Preordered spaces from the next general class, the ones with strict monotones, include general relativity. Spacetime can be studied as a pair $(M,{⪯}_C)$ where M is a set of events and ${⪯}_C$ is a causal relation, a partial order specifying which events can influence others, which lie to the future of others (Bombelli et al., 1987). A usual question is to establish sufficient conditions on $(M,{⪯}_C)$ for the existence of strict monotones, which are referred to as time functions (Minguzzi, 2010) and are usually required to be continuous according to some topology. The study of physically plausible conditions from which countable multi-utilities or injective monotones can be constructed has, to our knowledge, not been addressed yet in the field. Notice, spacetime was originally approached through a differentiable structure (M, g), where M is a manifold and g a metric, and was only later studied as a partial order (Bombelli et al., 1987).
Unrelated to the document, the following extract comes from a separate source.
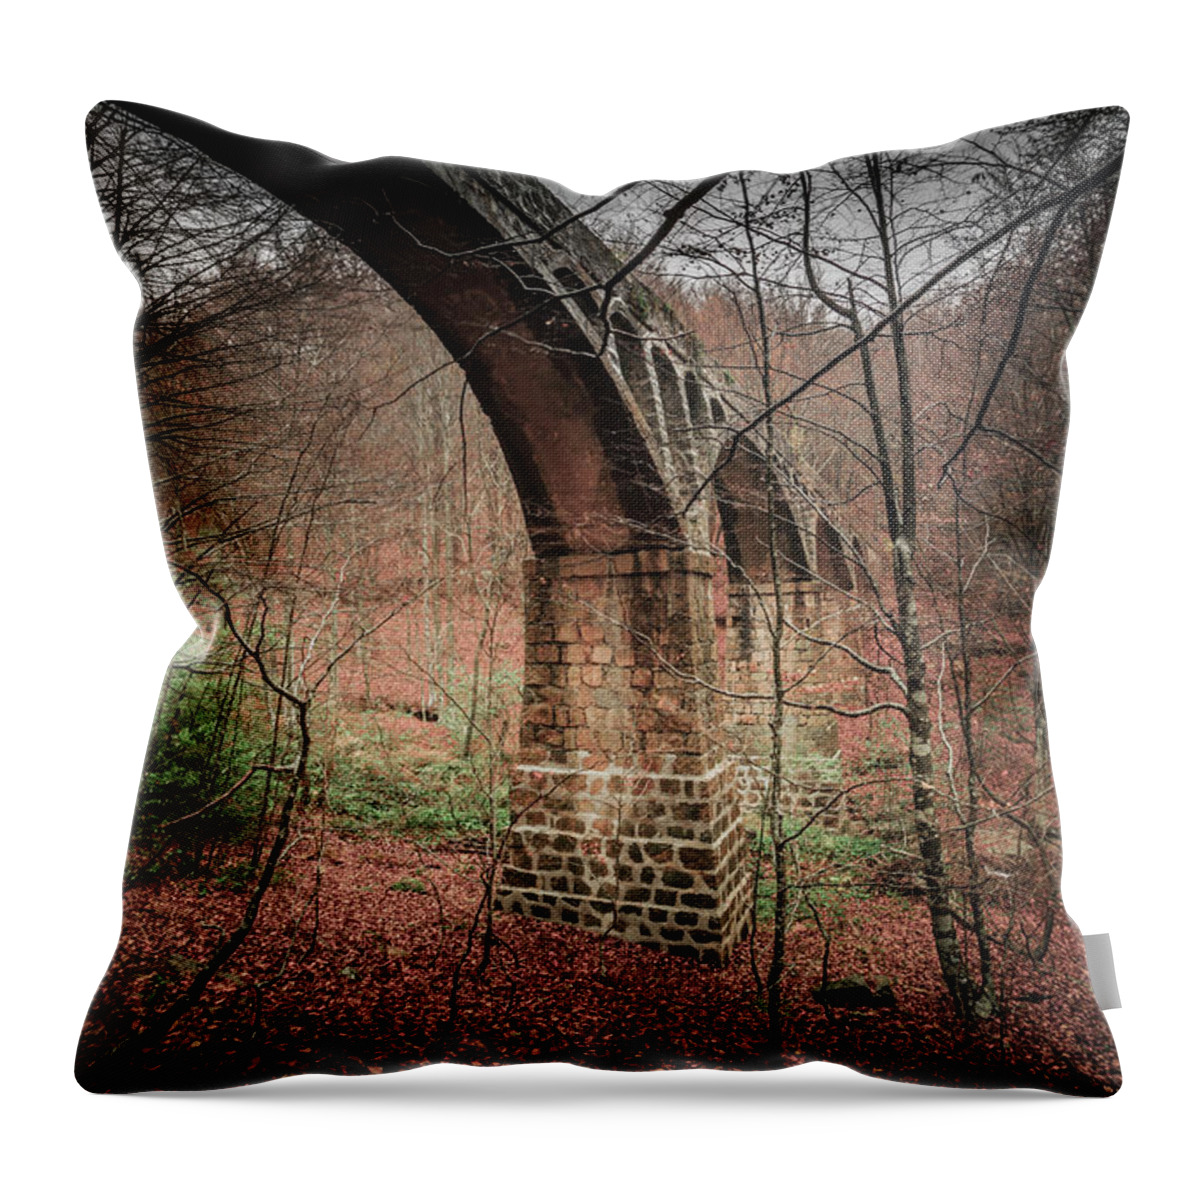 Tranquility Throw Pillow featuring the photograph Aqueduct In Montseny by Mafr Mcfa

Another case of preorders with strict monotones is trumping. Consider $({\mathbb{P}}_{\Omega },{⪯}_T)$ the space of probability distributions over some finite set $\Omega$, ${\mathbb{P}}_{\Omega }$, with the trumping preorder

$$\begin{array}{c}\hfill p{⪯}_{T}q⟺\exists r\in {\mathbb{P}}_{{\Omega }^{\prime }}|{\Omega }^{\prime }|<\infty \text{s.t.}p\otimes r{⪯}_{M}q\otimes r,\end{array}$$

where $p\otimes r:=(p_1{r}_1,..,p_1{r}_{{\Omega }^{\prime }},..,p_{\Omega }{r}_1,..,p_{\Omega }{r}_{{\Omega }^{\prime }})$ $\forall p\in {\mathbb{P}}_{\Omega }$, $r\in {\mathbb{P}}_{{\Omega }^{\prime }}$ and $|{\Omega }^{\prime }|<\infty$ (Müller & Pastena, 2016). Trumping extends majorization taking into account transformations using a third state, a catalyst. As an example, consider $p:=(0.4,0.4,0.1,0.1)$, $q:=(0.5,0.25,0.25,0)$ and $r:=(0.6,0.4)$. Notice $\neg (p{⪯}_{M}q)$ but $p\otimes r{⪯}_{M}q\otimes r$, implying $p{⪯}_{T}q$. Questions regarding physically meaningful strict monotones and multi-utilities for trumping are relevant (Turgut, 2007). As no countable multi-utility has been found, it remains a question whether injective monotones do exist.

A final example from the most general class of preorders, the one where only monotones exist, are social welfare relations (SWR) in economics. A SWR is a partial order ${⪯}_S$ defined on the countably infinite product of the unit interval $X:={\prod }_{n\in \mathbb{N}}[0,1]$. A SWR is said to be ethical if (1) given $x,y\in X$ with some $i,j\in \mathbb{N}$ such that $x_i=y_j$, $y_i=x_j$ and $x_k=y_k$ $\forall k\notin \{i,j\}$ we have $x{\sim }_{S}y$ and (2) given $x,y\in X$ where $x_i\le y_i$ $\forall i\in \mathbb{N}$ and $x_j<y_j$ for some $j\in \mathbb{N}$ then $x{\prec }_{S}y$. Any ethical SWR is an example of a preordered space without strict monotones (Banerjee & Dubey, 2010, Proposition 1) and, thus, without both injective monotones and countable multi-utilities.

Monotones and topology. While we have focused on preordered spaces and left some brief comments regarding topology for Appendix A.3, in the past they have been often studied together. The original interest in functions representing order structures was concerned with (continuous) utility representations of total topological preordered spaces (Debreu, 1954, 1964; Eilenberg, 1941). Of particular importance were results concerning the existence of a continuous utility function for both connected and separable total topological preordered spaces (Eilenberg, 1941) and for second countable total topological preordered spaces (Debreu, 1954). Among the classical results we also find the existence of an order isomorphism between a subset of the real numbers and any total order with countably many jumps whose order topology is second countable (Fleischer, 1961). Based on the work of Nachbin (1965) relating topology and order theory, in particular a generalization of Urysohn’s separation theorem, the classical results where reproved and sometimes generalized for example in Bosi et al. (2020b), Herden (1989) and Mehta (1977, 1986a, b, 1988).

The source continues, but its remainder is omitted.